A tour of the pastoral center's organic farm provided Web of Life participants a chance to learn about sustainable farming in the tropics, which is filled with challenges. But under the guidance of Amparo Arauz, the center's farm coordinator, it produces food for the center and sells some products, like baby piglets, goat milk, rich composted humus (soil) and bananas.

The farm is small but filled with activity and diverse plant life. The group made its way through the terrain, observing three pigs and a brood of piglets, three cattle and a baby calf, 10 goats with kids on the way, ducklings, chickens, and a wide variety of tree and plant crops.

Arauz talked about the need to pay close attention to the phase of the moon and the tides in planting banana trees, then showed us the rice and corn fields, where the time of year is more important for planting than the time of the month.

Later, in the nightly circle of reflections, Maryknoll Sr.
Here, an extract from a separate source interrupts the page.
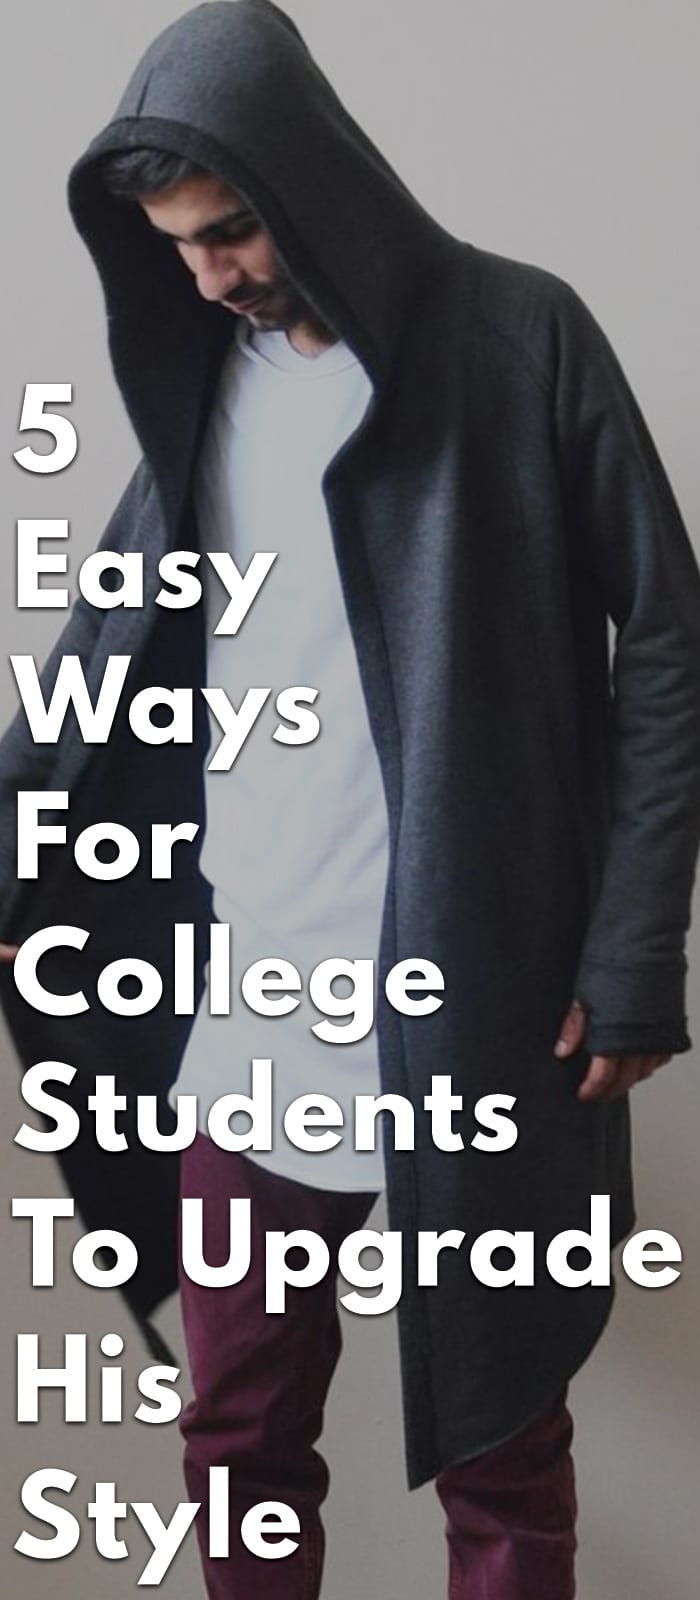 5-Easy-Ways-For-College-Students-To-Upgrade-His-Style

Ann Braudis commented on Arauz's wisdom and knowledge of natural cycles and called it a clear example of "Earth literacy."

"I'm glad you mentioned that," Maryknoll Sr. Melinda Roper said. Arauz, as it turns out, is not literate, but his ability to read the Earth and its cycles is profound.

Clara Meza reflected on Moreno's presentation and its implications for our way of life.

"It makes me think of what hypocrites we are as humans," she said. "We fight the jaguar because it kills cattle, but we ourselves kill the cattle. And now that we see the jaguar in danger of extinction, we rush to save the jaguar. We are eliminating their habitat, and so the poor things have to go raid the ranches. As long as we continue to eat meat and live the way that we do, this will happen. The point seems to be in finding a way to live together, without waiting until the last moment to save the ones who are in danger."

[Tracy L. Barnett is an independent writer, editor and photographer specializing in environmental issues, indigenous rights and sustainable travel.]